The middle class is squeezed. Not in some abstract, theoretical way—but in the daily arithmetic of rent checks, grocery bills, and credit card statements. If you’re working full-time and still feel like you’re falling behind, you’re not imagining it. The data backs up what millions of Americans already know: the economy isn’t working for them anymore. Here are four concrete signs that the U.S. economy feels unhealthy for middle-class families—and the official government data that proves it.

Your Paycheck Isn’t Keeping Up with Prices

You got a raise this year. Maybe 3%, maybe 4%. Felt good for about a week.
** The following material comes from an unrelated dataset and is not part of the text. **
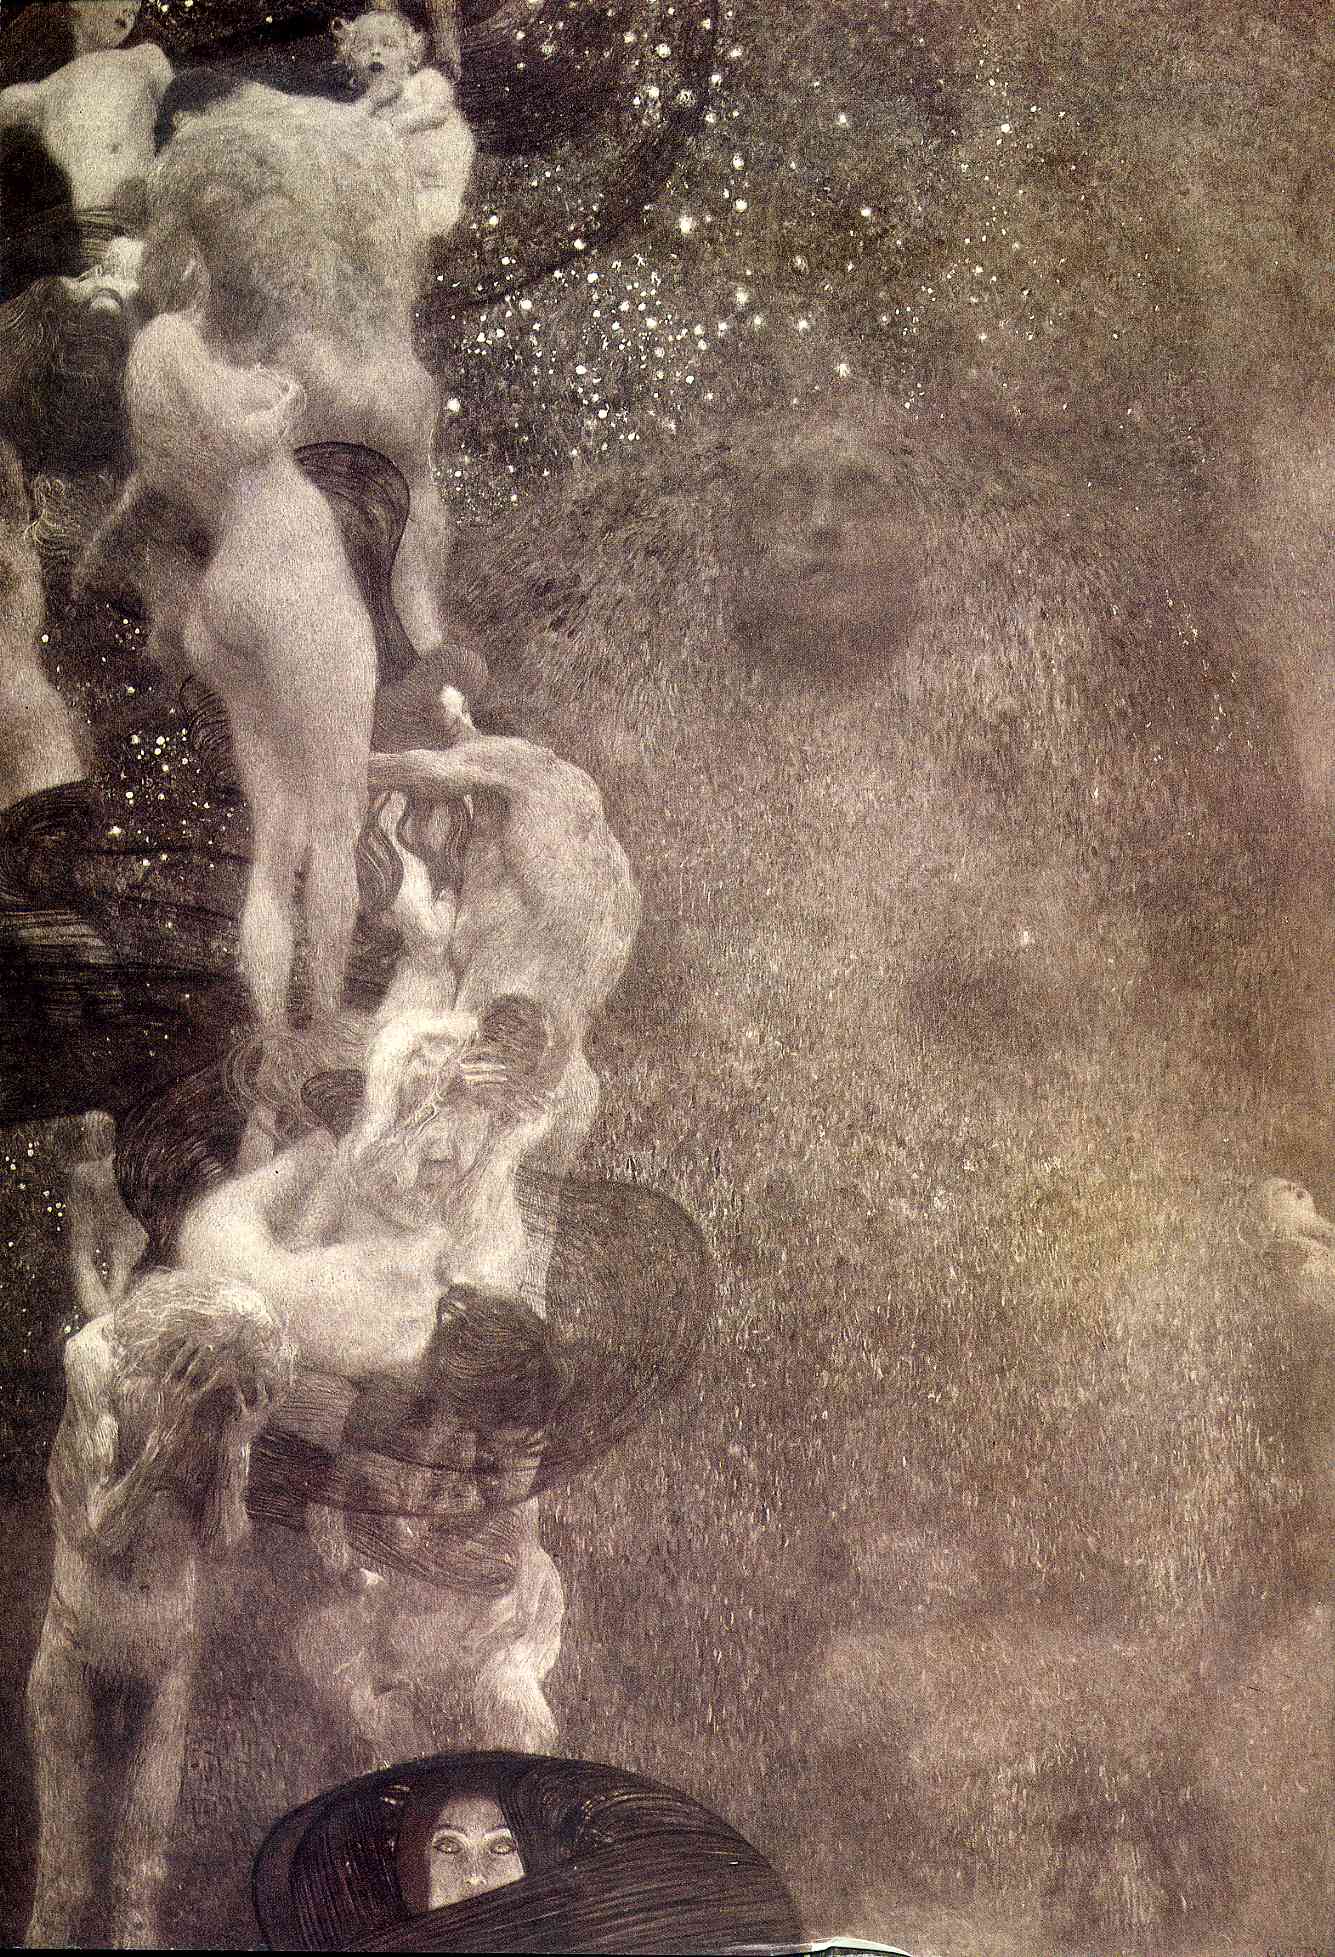 Philosophy-final-state-1907-Klimt-U-of-Vienna-Ceiling-1

Then you filled up your gas tank, bought groceries, and paid the electric bill. Suddenly that raise vanished. This is the reality of real earnings—what your paycheck actually buys after inflation eats into it. And the numbers are brutal. According to the Bureau of Labor Statistics’ Real Earnings report, real average hourly earnings decreased 0.1% from July to August 2025. Translation: even though workers got a 0.3% bump in nominal pay, the 0.4% rise in the Consumer Price Index wiped it out—and then some.

Over the past year (August 2024 to August 2025), real hourly earnings rose just 0.7%. That’s not nothing, but it’s barely keeping pace with the cost of living. For production and nonsupervisory employees—the bulk of the middle class—real hourly earnings increased 1.1% year-over-year. Better, but still modest when you consider how much prices have climbed since 2020. When that “Real Earnings” line on the BLS chart stalls or dips, families feel it immediately. Raises get swallowed whole by rent hikes, grocery inflation, and utility increases. Your income might look fine on paper, but your purchasing power—what that income can actually buy—is flat or falling.

If your paycheck feels like it’s running in place, that’s because it is.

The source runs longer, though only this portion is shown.